▶ Task directions
Transcribe, starting at the line with "гдз по биологии" and ending at the line with "El actor Jordi", every line of the material below exactly, but leave out the pictures and anything outside that span.

▶ Record extracts
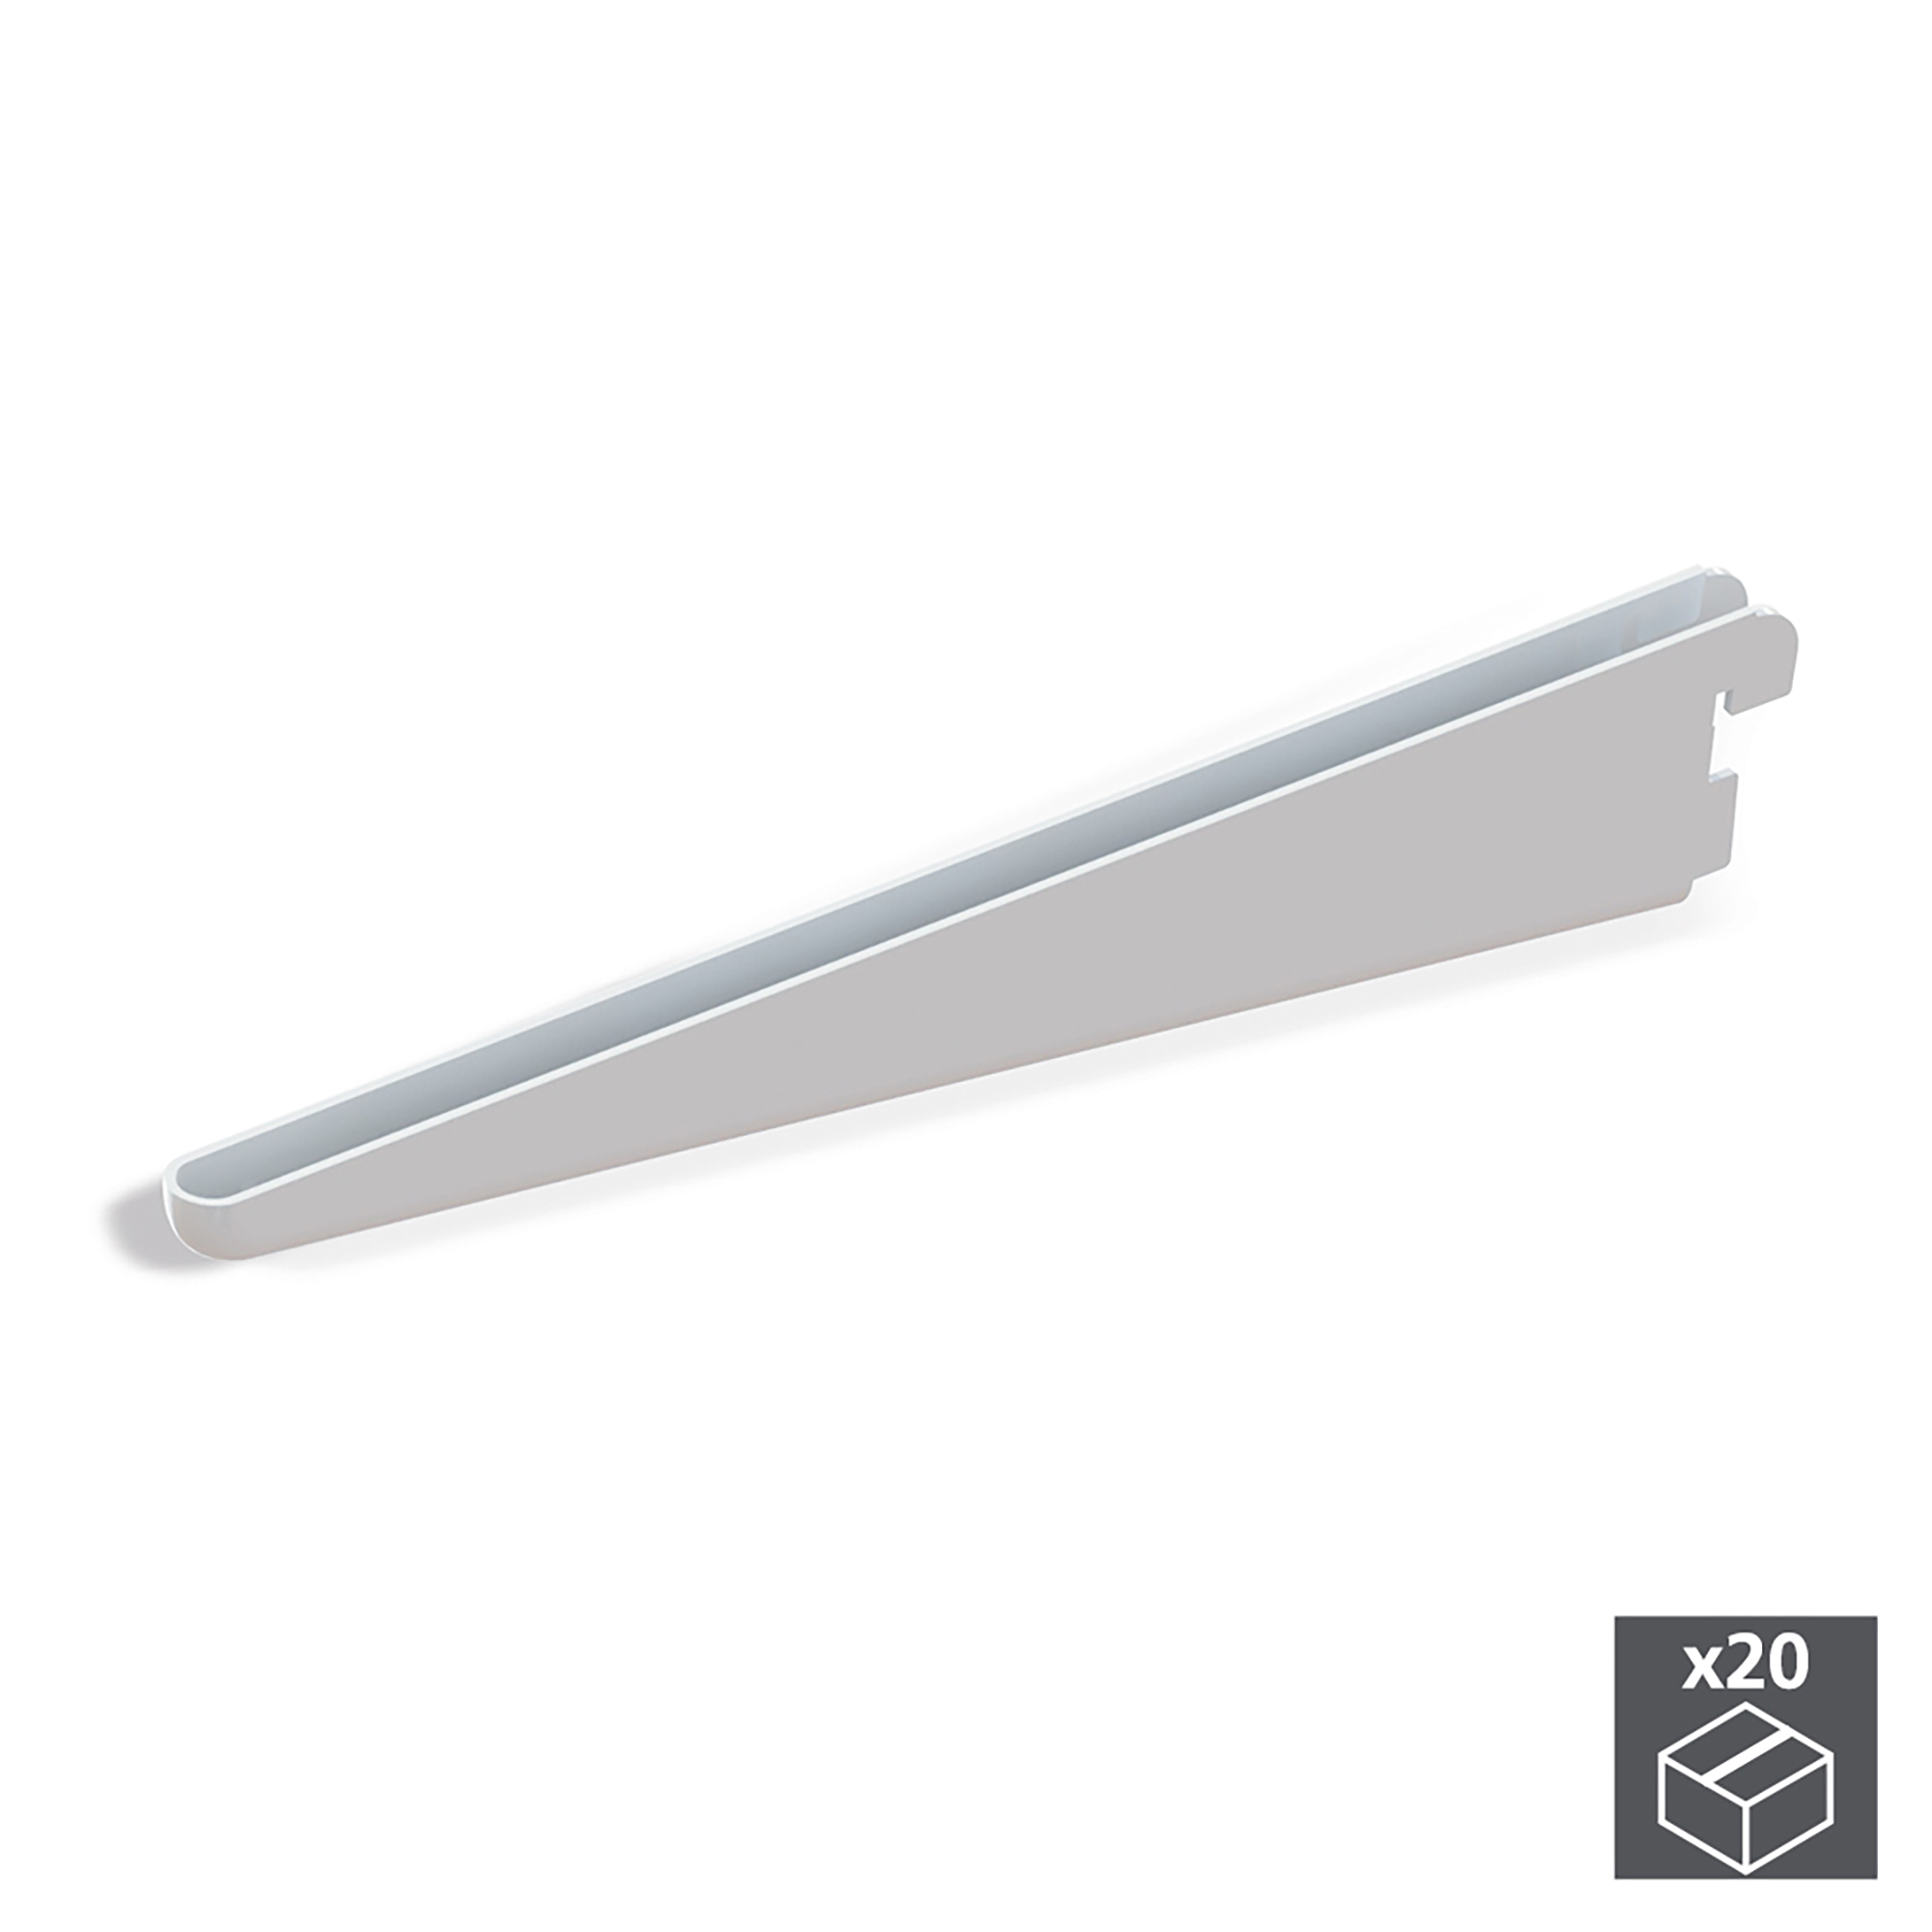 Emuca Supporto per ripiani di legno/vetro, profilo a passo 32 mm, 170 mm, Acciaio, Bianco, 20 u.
...
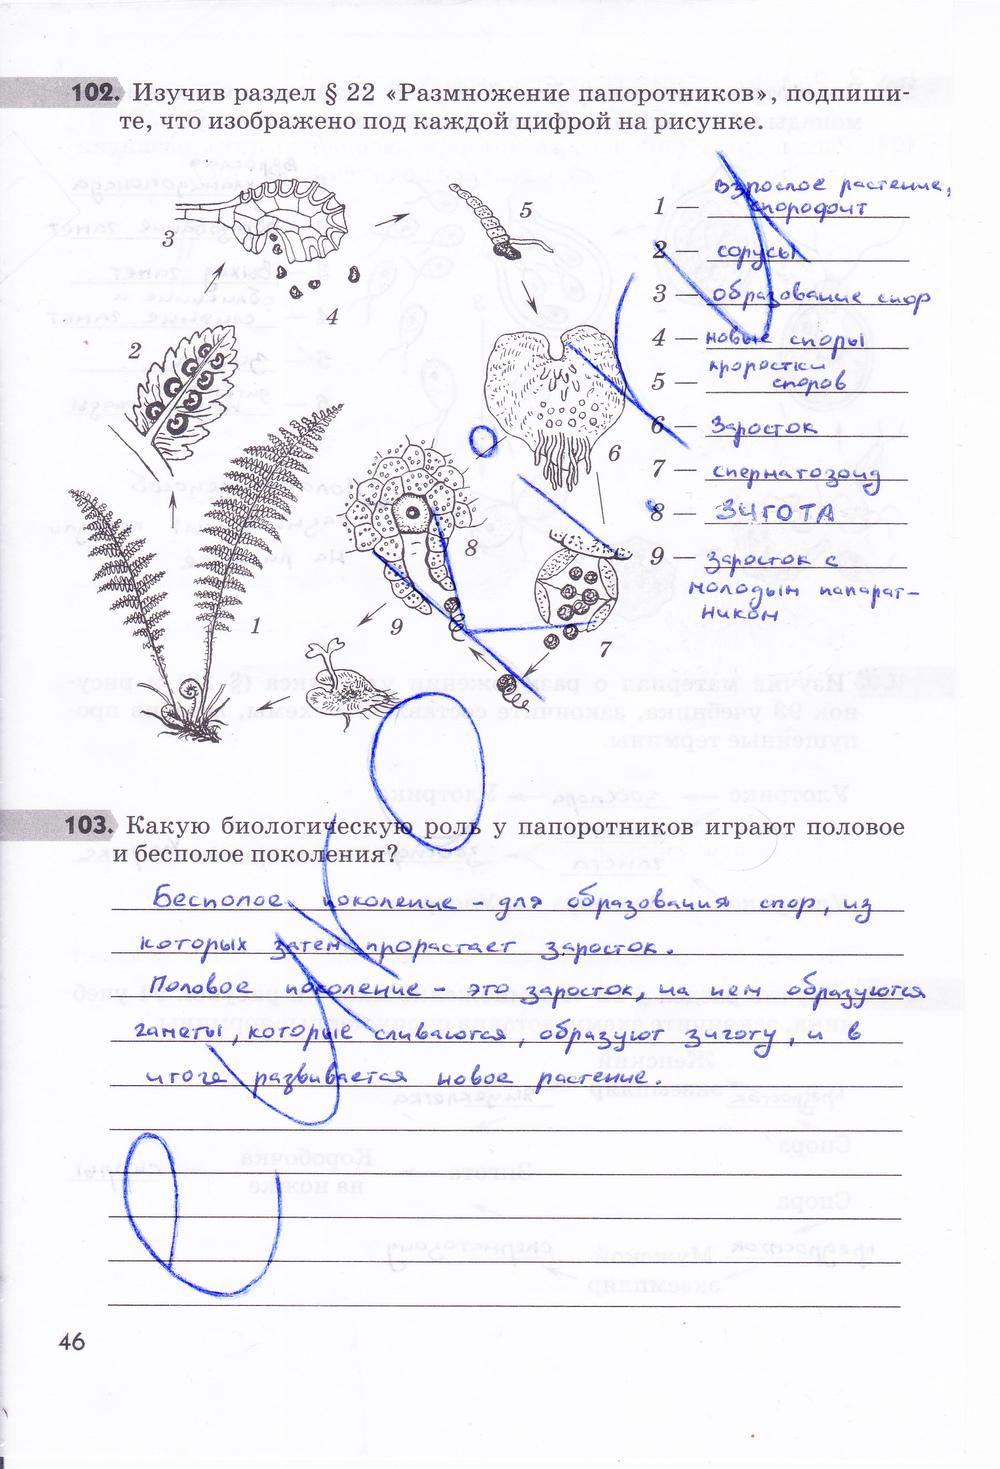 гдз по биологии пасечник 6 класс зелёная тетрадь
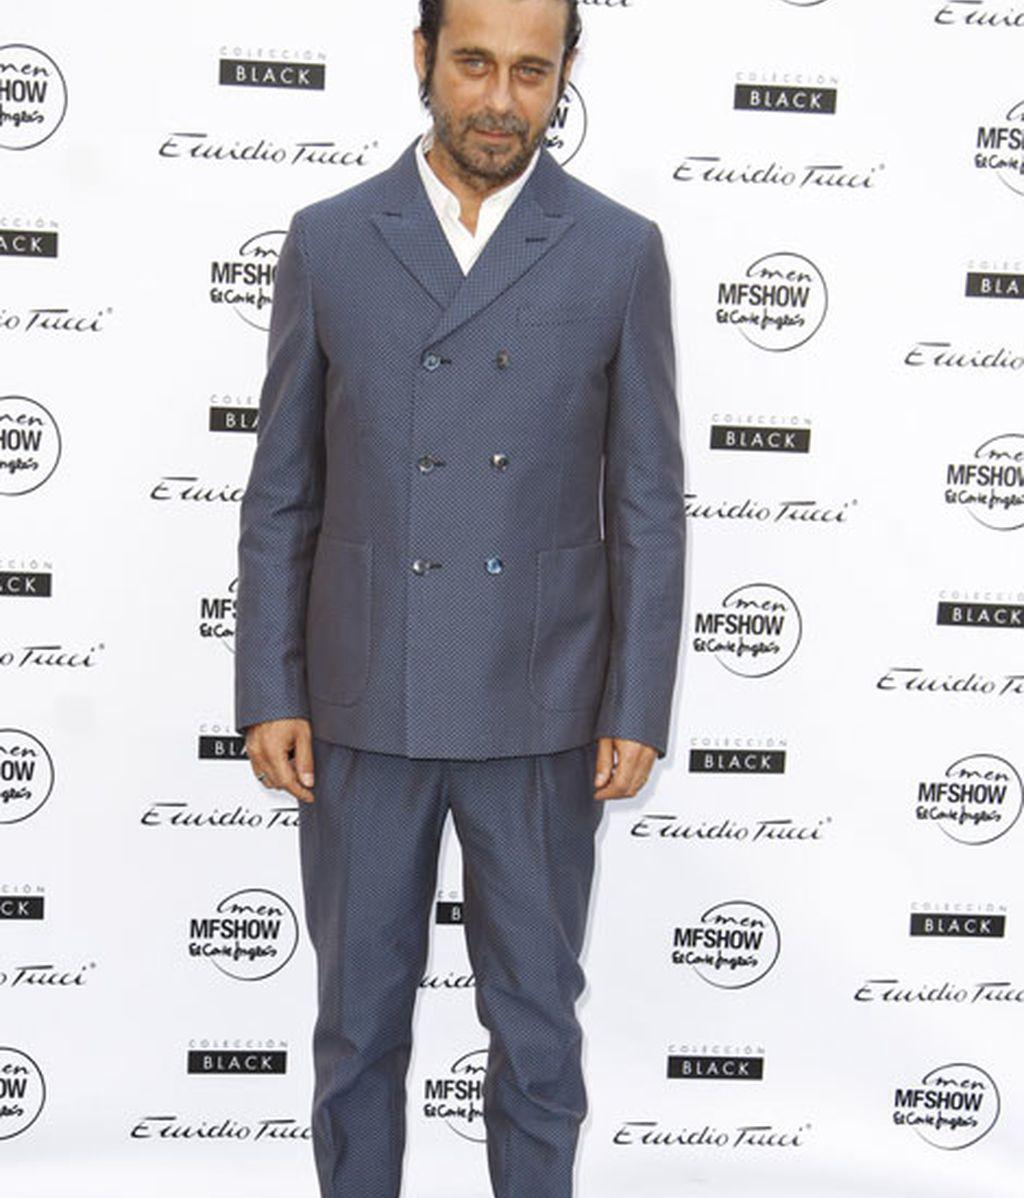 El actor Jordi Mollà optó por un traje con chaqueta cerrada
==
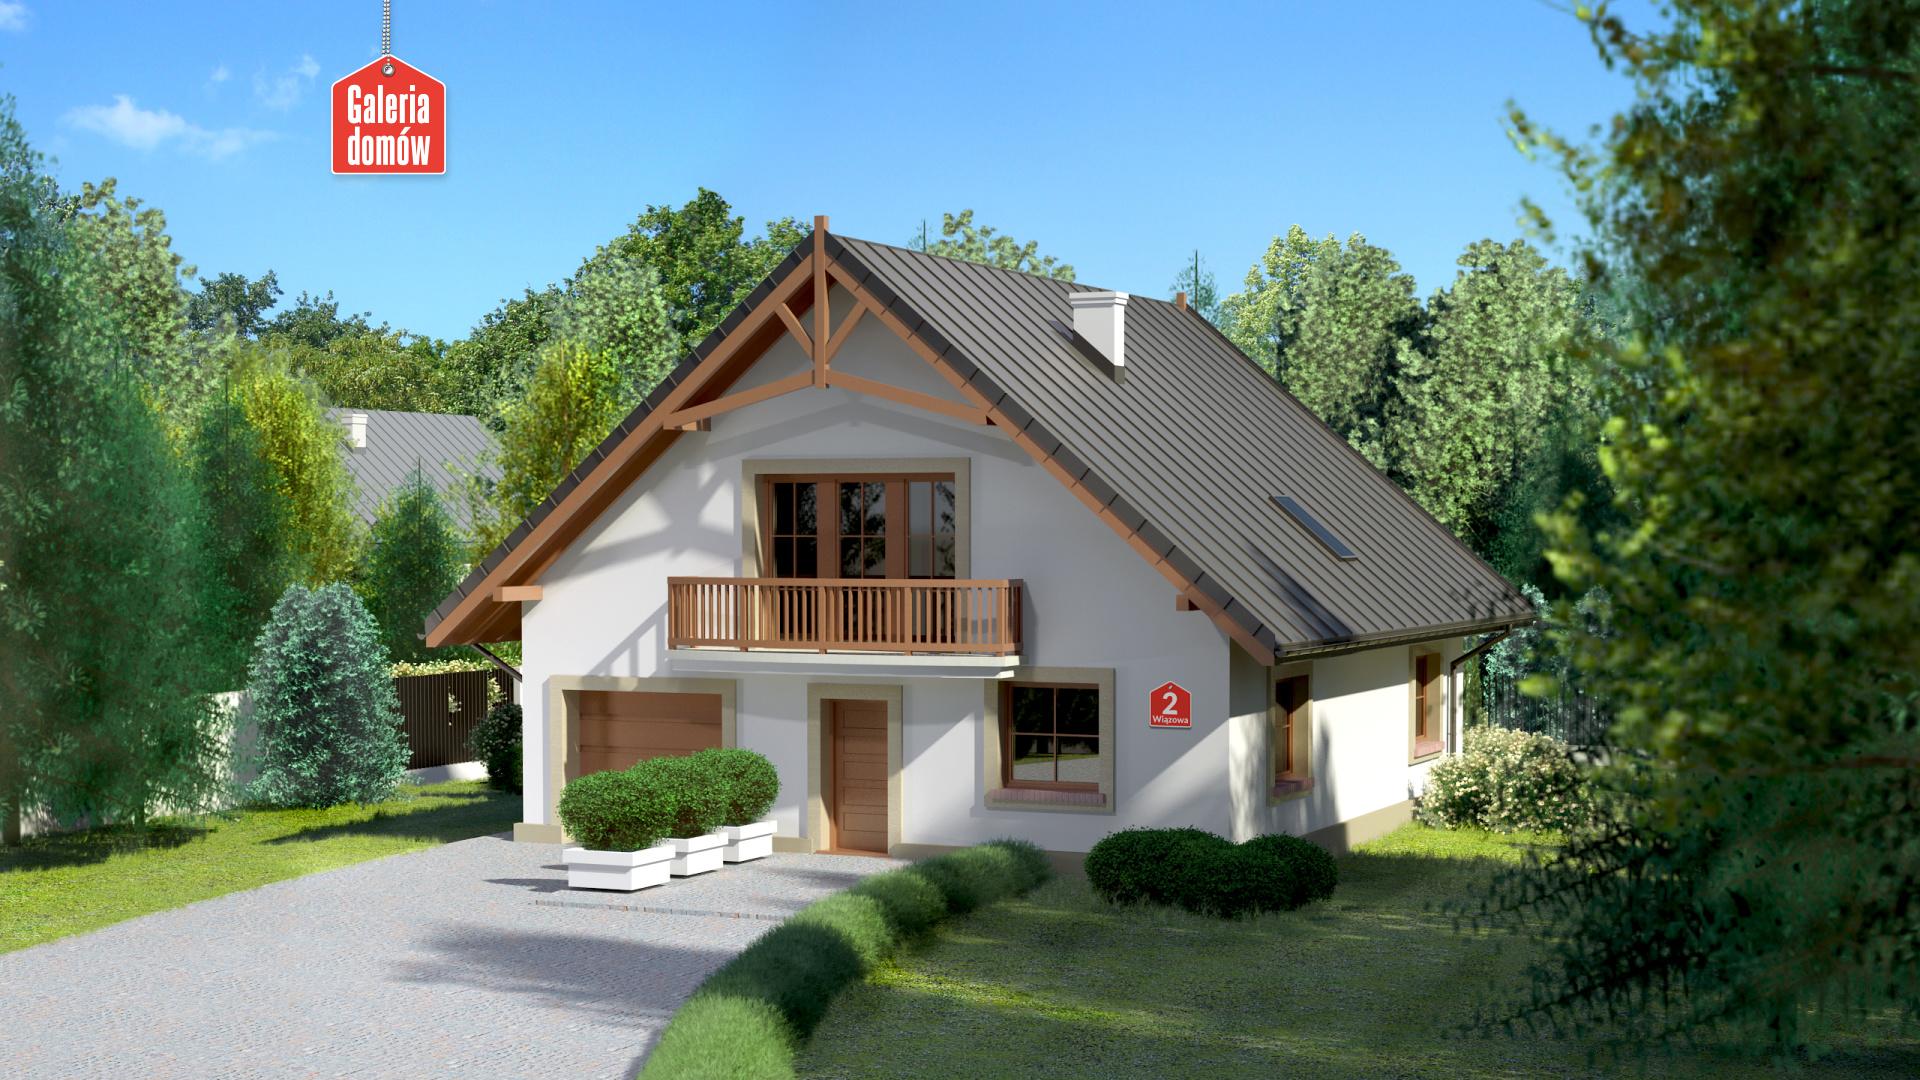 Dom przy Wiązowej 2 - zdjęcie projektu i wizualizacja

▶ Response for this exercise
 гдз по биологии пасечник 6 класс зелёная тетрадь
 El actor Jordi Mollà optó por un traje con chaqueta cerrada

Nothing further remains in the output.